Recorded information:
/---
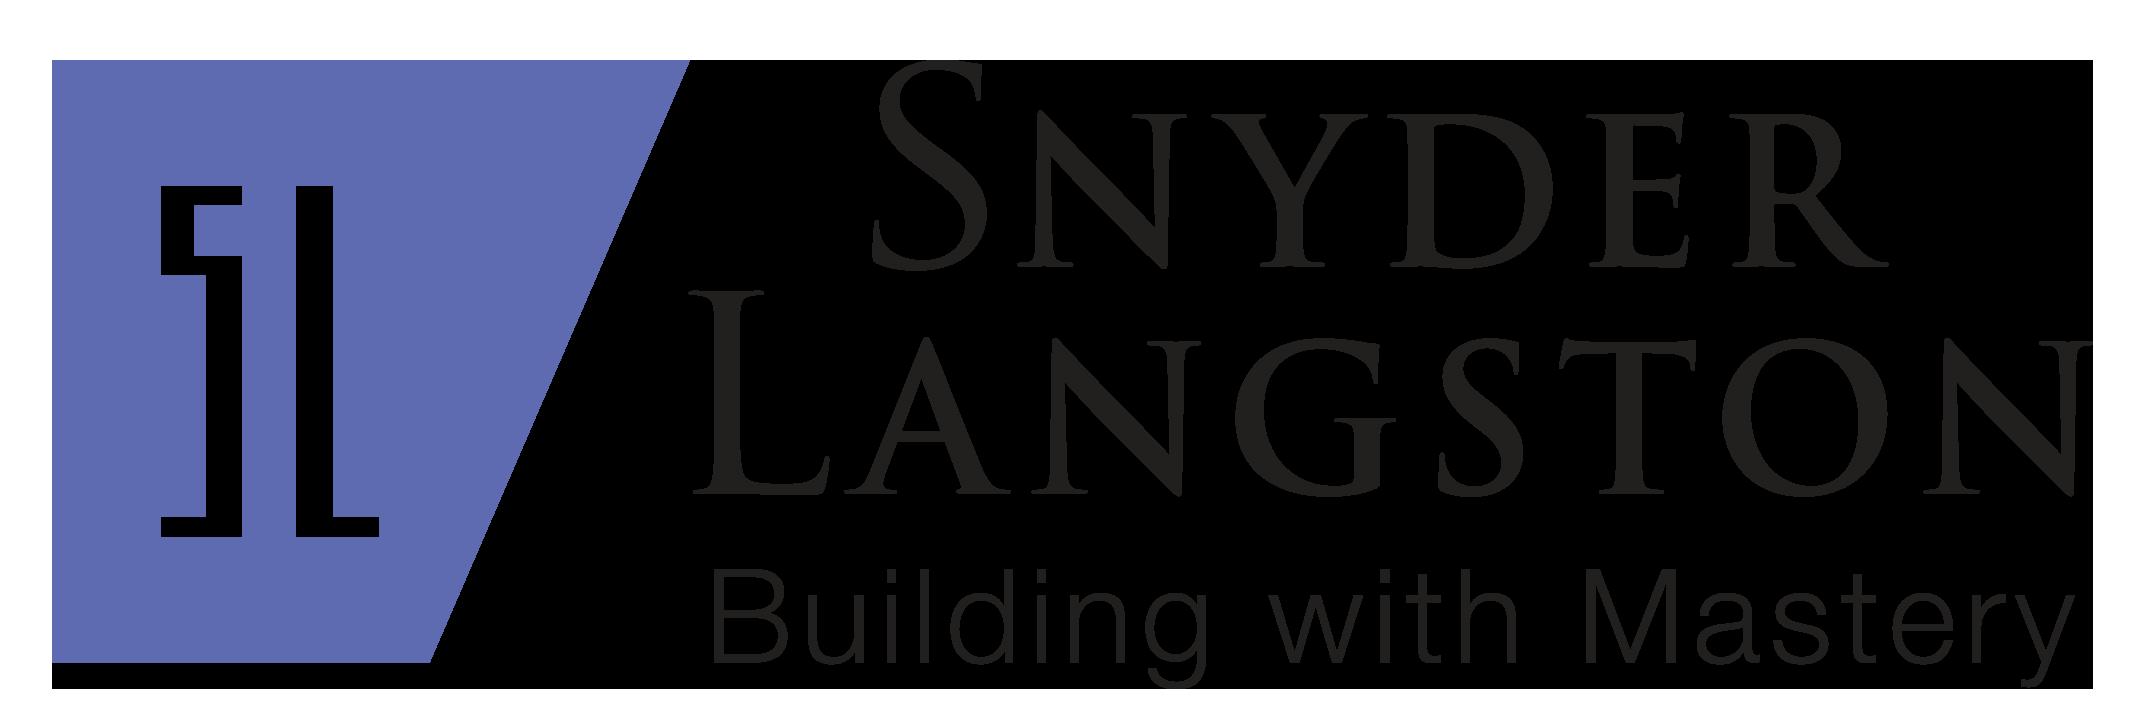 Snyder Langston sponsor
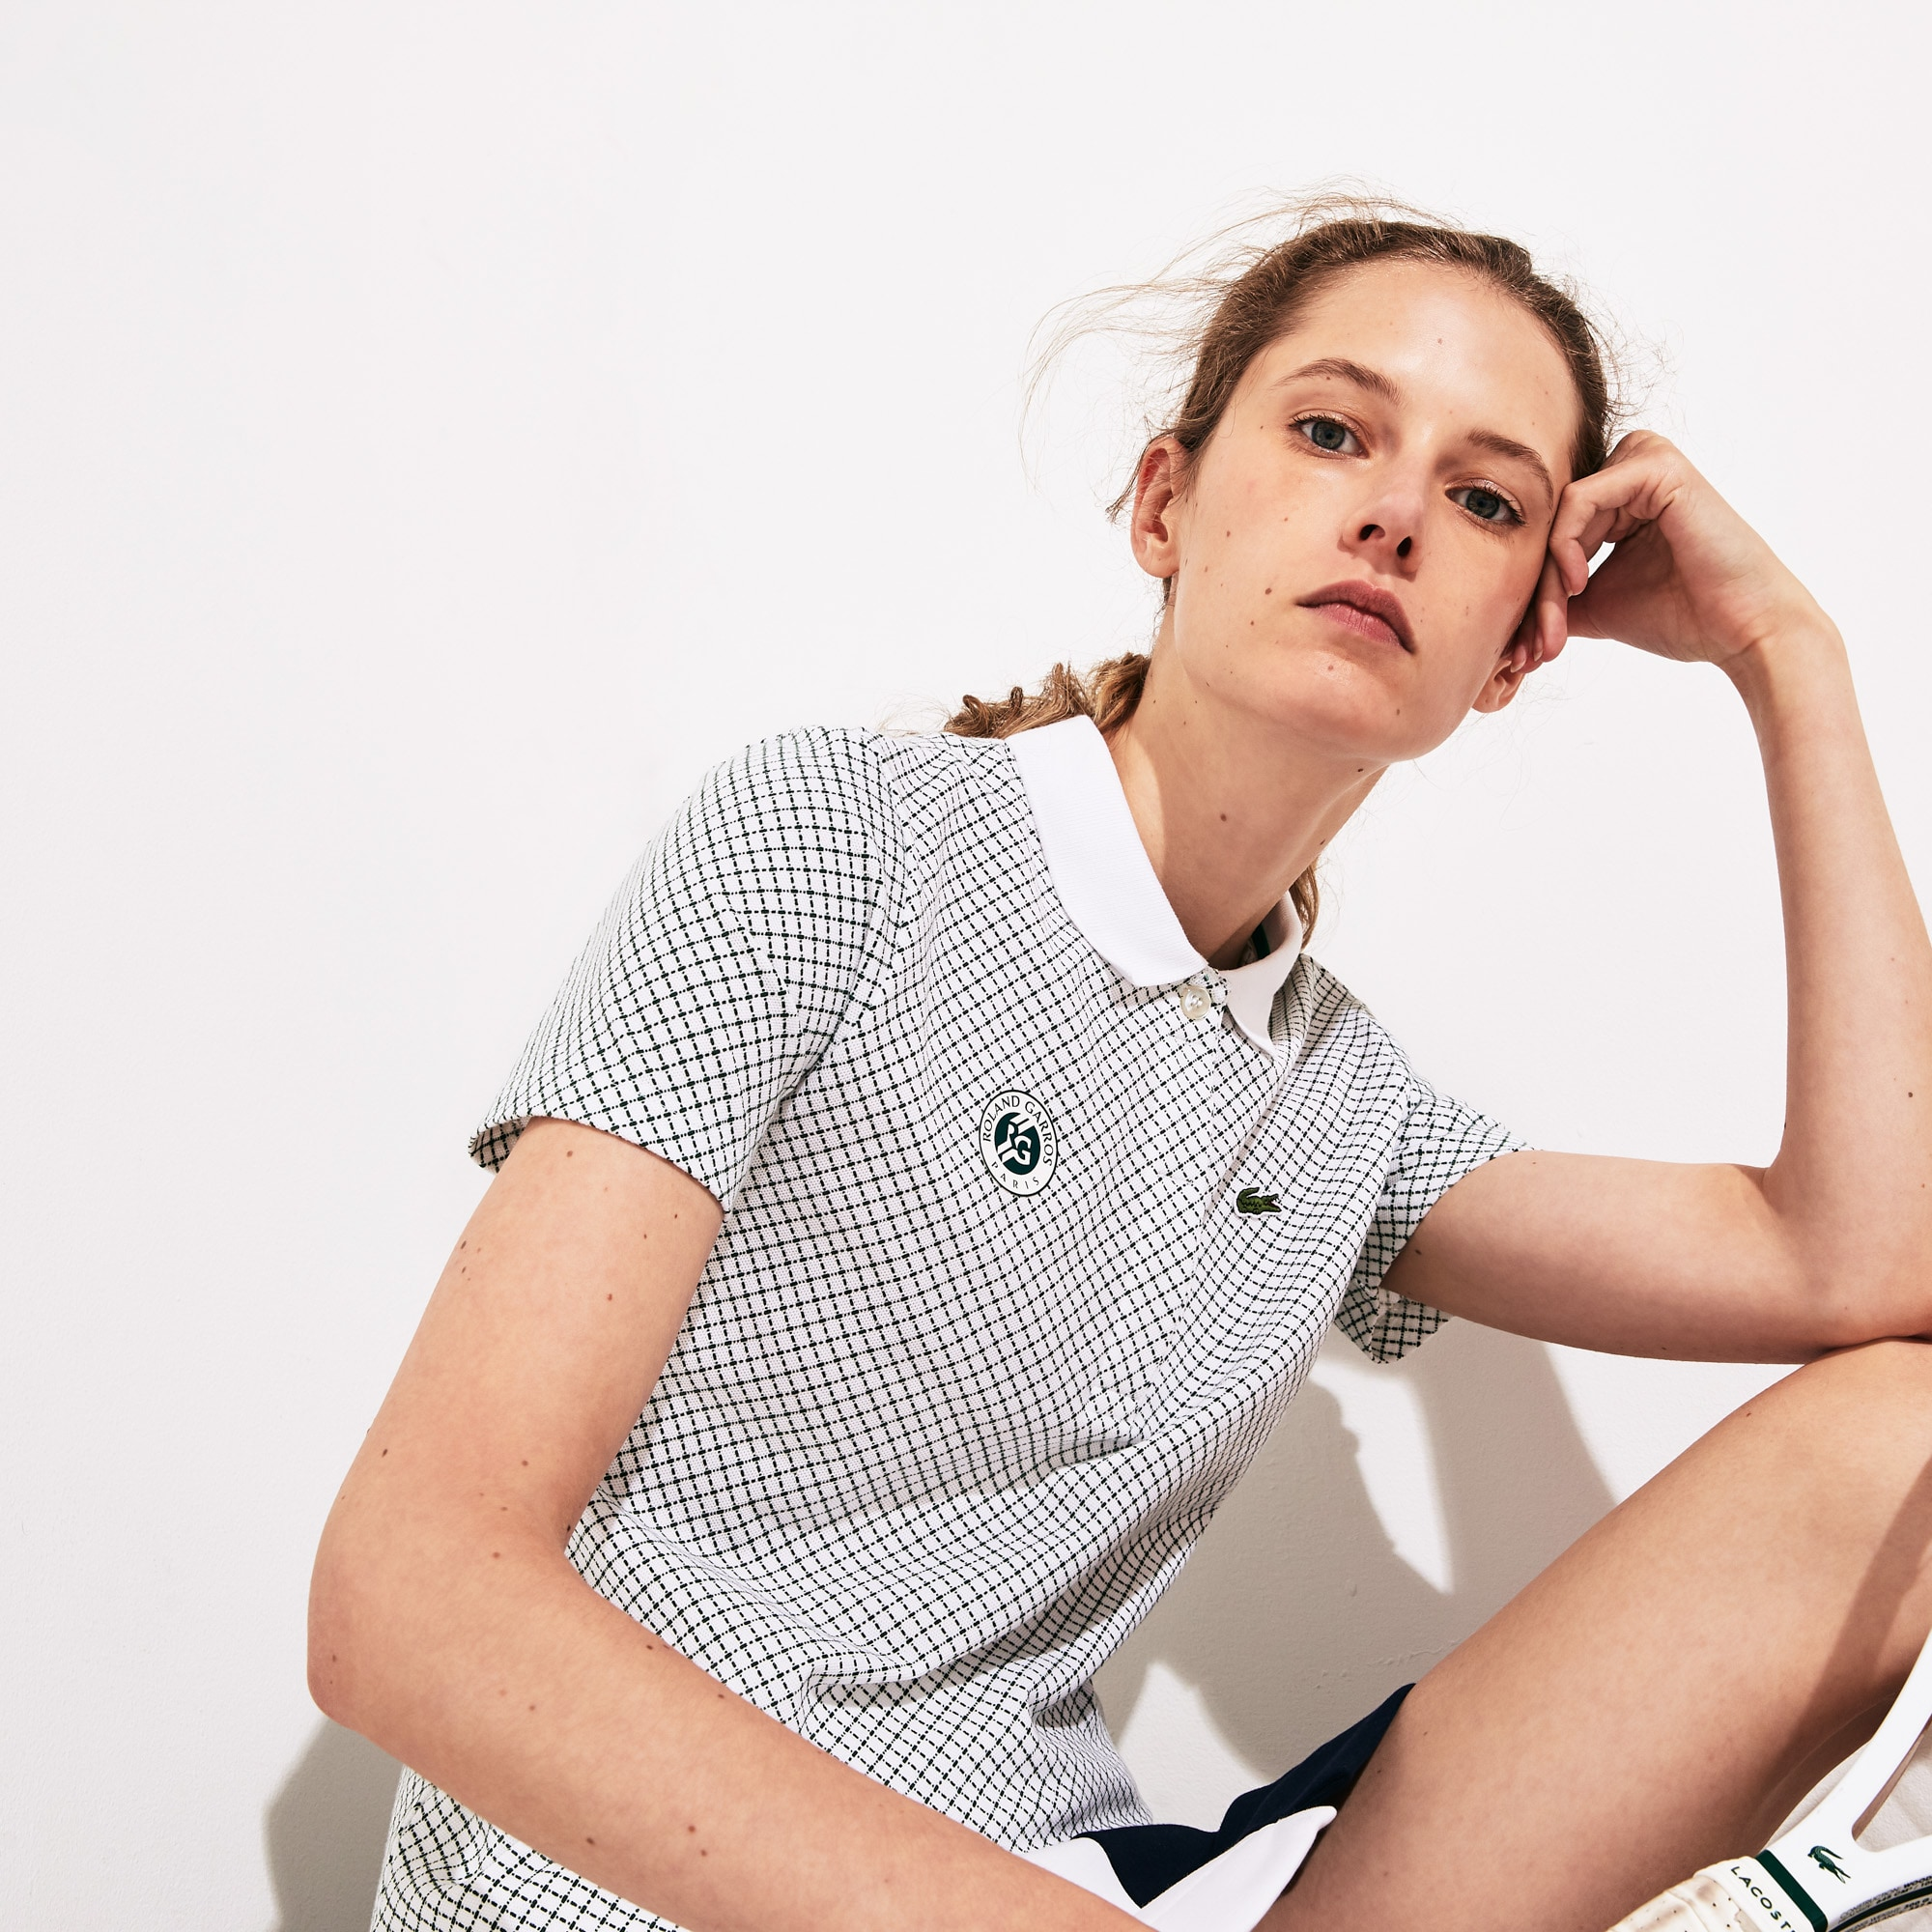 라코스테 스포츠 '롤랑가로스 에디션' 폴로셔츠 Lacoste Womens SPORT Roland Garros Printed Cotton Polo Shirt
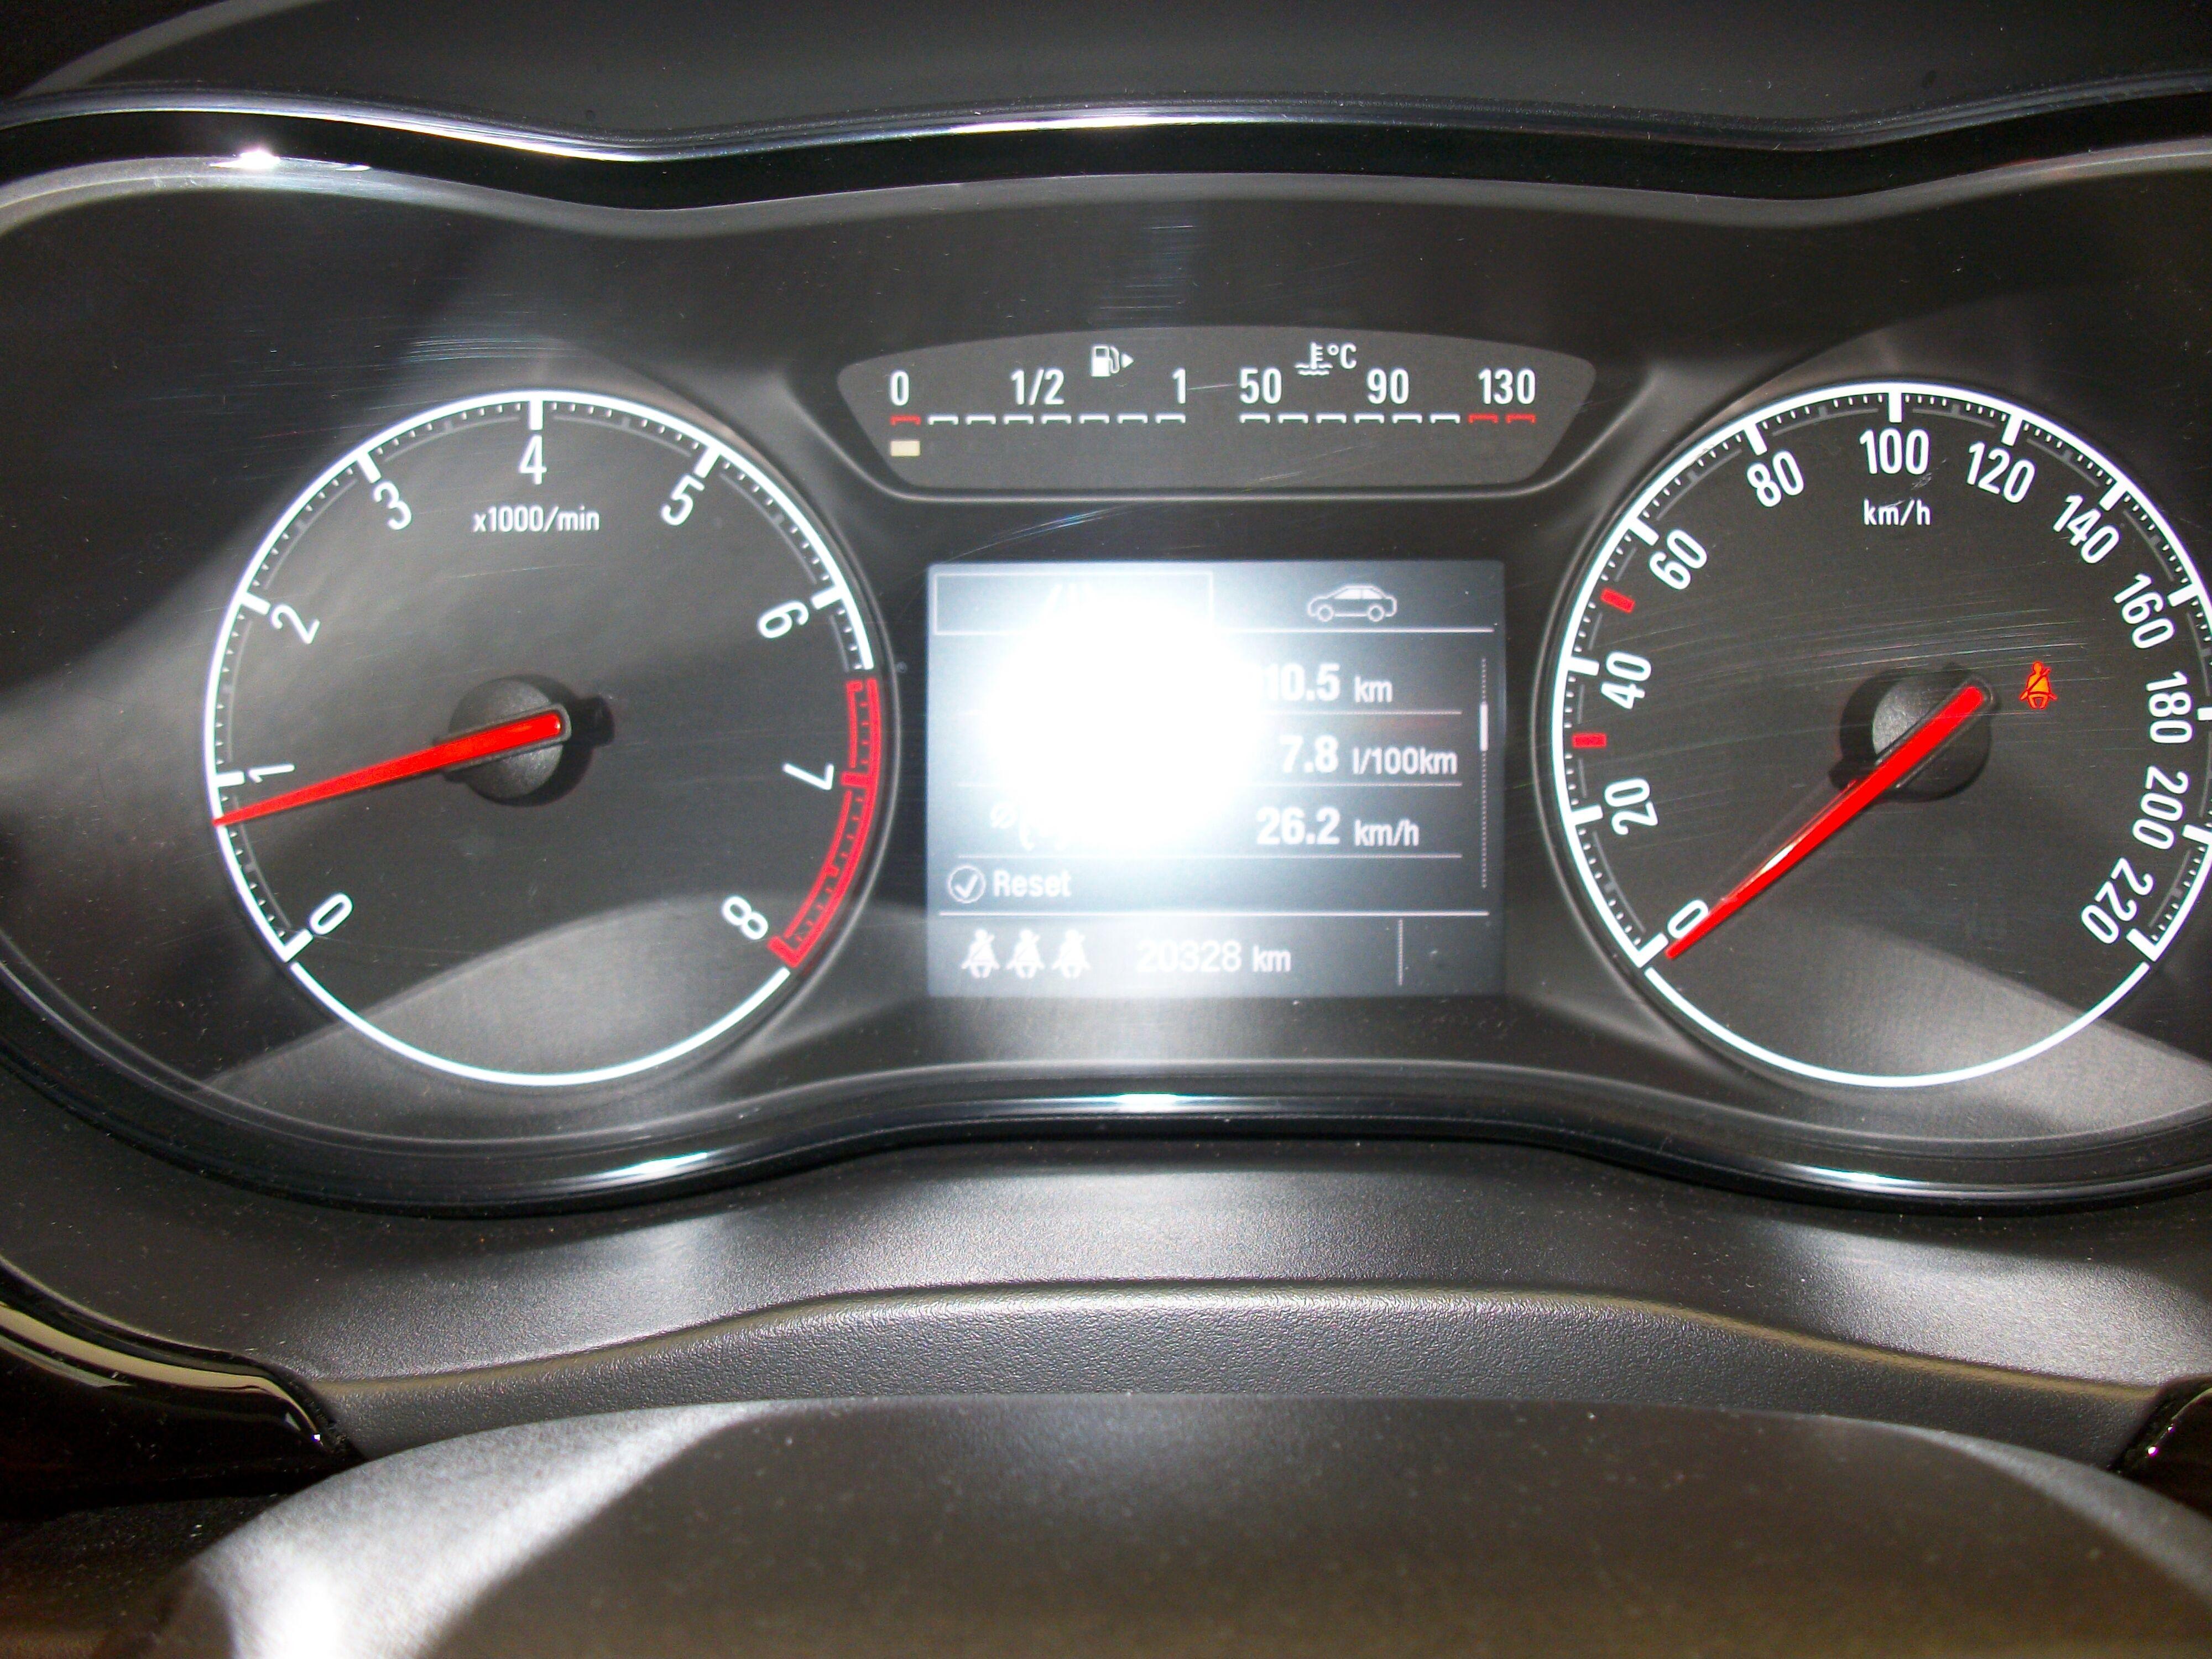 Opel Corsa CORSA E 1.2 Benz. - 5 deur 9/15
\---
The lines to copy run from the one with "라코스테 스포츠 '롤랑가로스" through the end of the material. Write them out exactly, leaving out the pictures.

Finished task:
 라코스테 스포츠 '롤랑가로스 에디션' 폴로셔츠 Lacoste Womens SPORT Roland Garros Printed Cotton Polo Shirt
 Opel Corsa CORSA E 1.2 Benz. - 5 deur 9/15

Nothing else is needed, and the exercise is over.